I bridge the gap between deep technical research and real-world application. In addition to my academic teaching, I partner with companies, NGOs, and public institutions to provide a grounded perspective on the rapid developments in Artificial Intelligence—from strategic orientation to solving specific technical challenges.
I am available for various formats, ranging from specialized academic lectures and panel discussions to engaging public-facing keynotes for festivals and general audiences.
Approach: Beyond knowledge transfer, I often work with partners on applied problem-solving, helping to evaluate the feasibility of AI projects or addressing hands-on technical and ethical hurdles in their specific domain.
On-site & Remote: I am primarily available for on-site engagements in Munich and on a national level across Germany, as well as high-quality digital formats for distributed teams.
Bilingual: All sessions and consulting are available in English and German.
The focus of each session is tailored to the audience's background and objectives. Frequent themes include:
AI Overview & Large Language Models (LLMs): A factual assessment beyond the hype. How do models like ChatGPT function technically, what can they truly achieve, and where are their inherent systemic limitations?
AI & Creativity: Exploring the tension between algorithmic generation and human expression. As an expert in music and singing voice analysis, I discuss how data shapes our cultural perception and the evolving role of authorship.
AI & Ethics: Identifying and mitigating bias in AI systems. I share insights from my research on regional stereotypes (e.g., the "East Germany Bias") and discuss approaches for fair and accountable algorithms.
Technical Deep Dives: Specialized sessions on Natural Language Processing (NLP), Social Media Analysis, Automatic Speech Recognition (ASR), or Music Information Retrieval (MIR).
This half- to full-day workshop is designed for teams and organizations at the beginning of their engagement with AI. The goal is to build a solid foundation and identify realistic opportunities for implementation.
Part 1: Knowledge Foundation
Introduction & Overview: The current state of the technology, minus the marketing buzzwords.
Technical Background: How are these models built, and how do they differ from traditional software?
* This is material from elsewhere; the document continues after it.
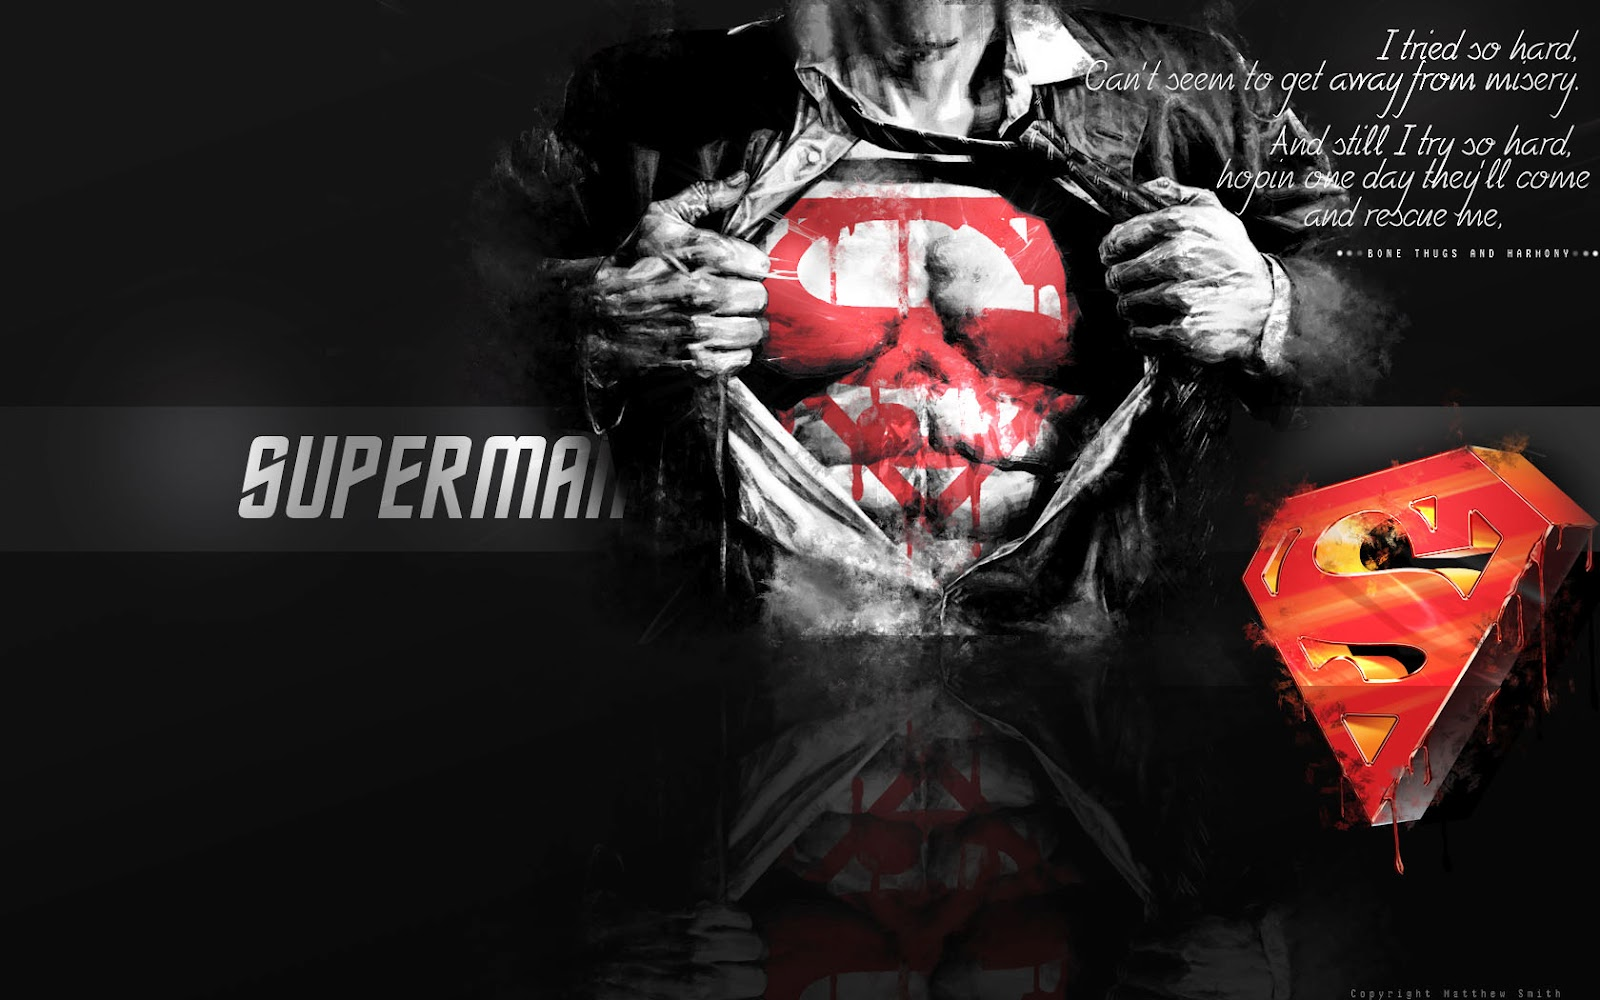 http://3.bp.blogspot.com/-7IxhBGwbO0s/T1jgZ6y98TI/AAAAAAAABUY/kXNOpeC-bLc/s1600/Superman_Wallpaper_by_Unique2892.jpg

Possibilities & Limitations: What can AI actually do today? Understanding why "hallucinations" and overconfidence occur.
Ethical Issues & Consequences: Insights into data privacy, copyright, as well as societal and cultural impacts.
Future Directions: Where is research heading in the next 12–24 months?
Part 2: Application & Transfer
Specific Recommendations: An overview of tools and frameworks relevant to the customer's specific field.
Interactive Session: A deep dive into possible use cases and integrations within your organization.
Discussion & Q&A: Dedicated time for addressing specific concerns, internal policies, or technical inquiries.